> [What needs to be done] Search the entries below. Return every line that has "Images" in it.

[Recorded data]
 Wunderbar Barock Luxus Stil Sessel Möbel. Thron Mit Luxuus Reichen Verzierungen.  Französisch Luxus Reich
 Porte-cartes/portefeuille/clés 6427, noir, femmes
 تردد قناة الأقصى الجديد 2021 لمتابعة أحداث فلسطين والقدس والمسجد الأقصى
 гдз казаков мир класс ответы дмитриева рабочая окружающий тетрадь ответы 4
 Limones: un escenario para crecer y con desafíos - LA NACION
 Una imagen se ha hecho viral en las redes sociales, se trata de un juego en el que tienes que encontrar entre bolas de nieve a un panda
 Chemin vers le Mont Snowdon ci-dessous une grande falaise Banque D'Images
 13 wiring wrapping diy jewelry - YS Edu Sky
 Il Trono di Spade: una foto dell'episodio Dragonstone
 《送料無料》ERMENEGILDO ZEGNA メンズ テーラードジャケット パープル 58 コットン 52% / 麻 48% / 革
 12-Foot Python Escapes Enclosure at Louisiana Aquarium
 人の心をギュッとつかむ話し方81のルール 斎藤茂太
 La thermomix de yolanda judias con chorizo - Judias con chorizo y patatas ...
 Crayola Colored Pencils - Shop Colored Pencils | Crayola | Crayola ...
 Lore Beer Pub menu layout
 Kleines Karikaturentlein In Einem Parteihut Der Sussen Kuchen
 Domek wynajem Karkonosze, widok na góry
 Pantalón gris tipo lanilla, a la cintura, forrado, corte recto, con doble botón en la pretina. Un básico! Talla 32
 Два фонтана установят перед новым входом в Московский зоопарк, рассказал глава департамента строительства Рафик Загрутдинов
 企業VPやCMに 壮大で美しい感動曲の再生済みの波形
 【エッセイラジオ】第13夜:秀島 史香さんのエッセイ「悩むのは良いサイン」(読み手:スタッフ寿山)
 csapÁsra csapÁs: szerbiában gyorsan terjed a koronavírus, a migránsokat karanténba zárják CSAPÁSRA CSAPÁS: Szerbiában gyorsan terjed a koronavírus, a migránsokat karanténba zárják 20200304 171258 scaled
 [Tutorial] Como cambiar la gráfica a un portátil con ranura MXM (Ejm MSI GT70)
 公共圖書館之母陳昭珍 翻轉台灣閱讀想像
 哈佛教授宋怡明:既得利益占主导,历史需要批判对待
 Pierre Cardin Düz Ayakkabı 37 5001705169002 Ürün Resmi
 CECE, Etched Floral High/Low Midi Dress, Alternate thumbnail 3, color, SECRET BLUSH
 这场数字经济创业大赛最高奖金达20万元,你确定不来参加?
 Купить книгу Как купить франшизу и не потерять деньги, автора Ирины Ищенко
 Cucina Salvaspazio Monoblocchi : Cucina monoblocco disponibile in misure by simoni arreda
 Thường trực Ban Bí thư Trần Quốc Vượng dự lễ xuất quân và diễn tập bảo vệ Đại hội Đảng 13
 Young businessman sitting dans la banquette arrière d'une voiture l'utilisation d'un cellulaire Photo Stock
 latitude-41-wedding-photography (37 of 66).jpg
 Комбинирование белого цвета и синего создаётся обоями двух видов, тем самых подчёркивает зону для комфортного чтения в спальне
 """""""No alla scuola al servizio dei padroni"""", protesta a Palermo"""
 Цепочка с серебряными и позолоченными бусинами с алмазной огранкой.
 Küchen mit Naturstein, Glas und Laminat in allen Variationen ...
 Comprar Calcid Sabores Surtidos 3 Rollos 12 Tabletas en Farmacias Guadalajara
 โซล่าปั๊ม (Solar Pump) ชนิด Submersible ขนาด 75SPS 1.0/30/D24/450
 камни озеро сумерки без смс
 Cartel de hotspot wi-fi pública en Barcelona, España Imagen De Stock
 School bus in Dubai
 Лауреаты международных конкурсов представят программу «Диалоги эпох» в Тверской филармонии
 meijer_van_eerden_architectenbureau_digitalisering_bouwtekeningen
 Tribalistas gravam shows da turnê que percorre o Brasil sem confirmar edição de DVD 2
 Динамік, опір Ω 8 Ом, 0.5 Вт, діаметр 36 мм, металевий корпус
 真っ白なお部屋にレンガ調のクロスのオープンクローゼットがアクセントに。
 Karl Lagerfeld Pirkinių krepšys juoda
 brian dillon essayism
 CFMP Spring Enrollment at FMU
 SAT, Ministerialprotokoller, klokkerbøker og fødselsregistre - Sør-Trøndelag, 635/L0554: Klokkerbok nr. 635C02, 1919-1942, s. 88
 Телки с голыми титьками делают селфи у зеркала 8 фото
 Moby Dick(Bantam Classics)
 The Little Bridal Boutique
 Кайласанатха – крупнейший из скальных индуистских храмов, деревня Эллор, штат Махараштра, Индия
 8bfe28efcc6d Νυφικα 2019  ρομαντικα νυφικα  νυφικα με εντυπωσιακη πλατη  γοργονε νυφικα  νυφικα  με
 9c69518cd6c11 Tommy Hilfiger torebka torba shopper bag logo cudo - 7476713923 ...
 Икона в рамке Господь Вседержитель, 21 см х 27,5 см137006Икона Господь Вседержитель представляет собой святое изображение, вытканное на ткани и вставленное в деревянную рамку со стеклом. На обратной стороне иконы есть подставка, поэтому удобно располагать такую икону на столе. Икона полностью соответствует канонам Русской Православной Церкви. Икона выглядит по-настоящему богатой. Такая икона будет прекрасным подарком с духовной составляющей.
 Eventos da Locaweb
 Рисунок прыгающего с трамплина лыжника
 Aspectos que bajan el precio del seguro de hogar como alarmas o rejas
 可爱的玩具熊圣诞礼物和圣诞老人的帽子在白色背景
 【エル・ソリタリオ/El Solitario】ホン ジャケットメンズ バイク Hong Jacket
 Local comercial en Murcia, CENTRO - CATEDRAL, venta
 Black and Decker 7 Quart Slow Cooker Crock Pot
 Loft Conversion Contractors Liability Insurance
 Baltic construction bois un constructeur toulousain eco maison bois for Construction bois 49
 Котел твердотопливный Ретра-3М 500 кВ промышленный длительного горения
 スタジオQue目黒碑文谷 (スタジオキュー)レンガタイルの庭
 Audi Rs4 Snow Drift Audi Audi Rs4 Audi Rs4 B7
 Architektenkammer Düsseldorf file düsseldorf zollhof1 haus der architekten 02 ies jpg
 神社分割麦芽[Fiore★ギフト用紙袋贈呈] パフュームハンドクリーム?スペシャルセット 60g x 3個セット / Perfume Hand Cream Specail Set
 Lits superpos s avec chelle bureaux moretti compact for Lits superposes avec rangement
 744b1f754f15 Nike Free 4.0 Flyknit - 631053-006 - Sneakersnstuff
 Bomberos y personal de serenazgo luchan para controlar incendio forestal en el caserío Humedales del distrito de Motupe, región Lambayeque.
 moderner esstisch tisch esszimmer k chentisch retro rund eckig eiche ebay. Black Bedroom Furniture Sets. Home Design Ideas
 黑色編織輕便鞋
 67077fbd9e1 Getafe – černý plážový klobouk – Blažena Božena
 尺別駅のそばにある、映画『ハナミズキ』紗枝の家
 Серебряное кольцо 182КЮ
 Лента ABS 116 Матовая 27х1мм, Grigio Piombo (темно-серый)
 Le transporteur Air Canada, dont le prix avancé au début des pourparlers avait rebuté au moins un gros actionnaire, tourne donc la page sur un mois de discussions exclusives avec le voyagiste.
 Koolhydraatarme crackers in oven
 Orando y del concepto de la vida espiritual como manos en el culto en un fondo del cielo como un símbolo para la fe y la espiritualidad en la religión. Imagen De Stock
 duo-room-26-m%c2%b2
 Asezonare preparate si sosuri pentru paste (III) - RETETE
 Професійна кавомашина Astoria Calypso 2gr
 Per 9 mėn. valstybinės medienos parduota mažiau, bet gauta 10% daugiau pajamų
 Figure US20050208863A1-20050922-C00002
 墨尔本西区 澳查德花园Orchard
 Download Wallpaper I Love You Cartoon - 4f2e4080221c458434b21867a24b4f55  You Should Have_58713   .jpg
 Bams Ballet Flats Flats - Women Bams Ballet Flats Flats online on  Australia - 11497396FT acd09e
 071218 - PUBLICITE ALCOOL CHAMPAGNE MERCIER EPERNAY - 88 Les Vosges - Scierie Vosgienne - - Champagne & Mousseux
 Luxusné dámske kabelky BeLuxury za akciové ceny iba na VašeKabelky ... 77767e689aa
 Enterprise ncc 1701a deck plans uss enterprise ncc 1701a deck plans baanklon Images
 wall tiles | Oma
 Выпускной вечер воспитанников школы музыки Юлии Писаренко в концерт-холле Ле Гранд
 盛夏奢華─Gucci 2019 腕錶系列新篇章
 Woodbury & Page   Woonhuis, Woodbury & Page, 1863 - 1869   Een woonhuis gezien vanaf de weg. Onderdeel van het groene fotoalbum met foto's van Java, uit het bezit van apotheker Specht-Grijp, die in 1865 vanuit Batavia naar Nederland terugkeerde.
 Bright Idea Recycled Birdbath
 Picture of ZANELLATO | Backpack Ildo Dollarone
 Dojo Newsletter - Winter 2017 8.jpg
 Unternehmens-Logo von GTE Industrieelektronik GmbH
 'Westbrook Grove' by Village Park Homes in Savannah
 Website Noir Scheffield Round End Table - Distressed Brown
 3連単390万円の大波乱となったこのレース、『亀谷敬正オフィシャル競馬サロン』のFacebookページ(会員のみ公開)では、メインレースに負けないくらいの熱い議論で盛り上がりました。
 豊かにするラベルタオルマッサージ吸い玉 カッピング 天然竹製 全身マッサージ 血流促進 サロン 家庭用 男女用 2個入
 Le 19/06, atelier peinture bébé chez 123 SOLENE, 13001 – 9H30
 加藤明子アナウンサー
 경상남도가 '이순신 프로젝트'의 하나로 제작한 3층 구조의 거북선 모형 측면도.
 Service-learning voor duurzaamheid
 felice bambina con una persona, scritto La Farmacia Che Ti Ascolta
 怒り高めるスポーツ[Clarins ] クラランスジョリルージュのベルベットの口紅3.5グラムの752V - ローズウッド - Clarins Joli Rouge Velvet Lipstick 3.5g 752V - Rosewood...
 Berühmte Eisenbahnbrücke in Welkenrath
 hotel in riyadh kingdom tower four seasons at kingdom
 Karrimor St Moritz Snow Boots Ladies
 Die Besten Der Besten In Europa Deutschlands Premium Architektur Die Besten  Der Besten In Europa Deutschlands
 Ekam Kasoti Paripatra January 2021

> [Answer for the task]
 Chemin vers le Mont Snowdon ci-dessous une grande falaise Banque D'Images
 Enterprise ncc 1701a deck plans uss enterprise ncc 1701a deck plans baanklon Images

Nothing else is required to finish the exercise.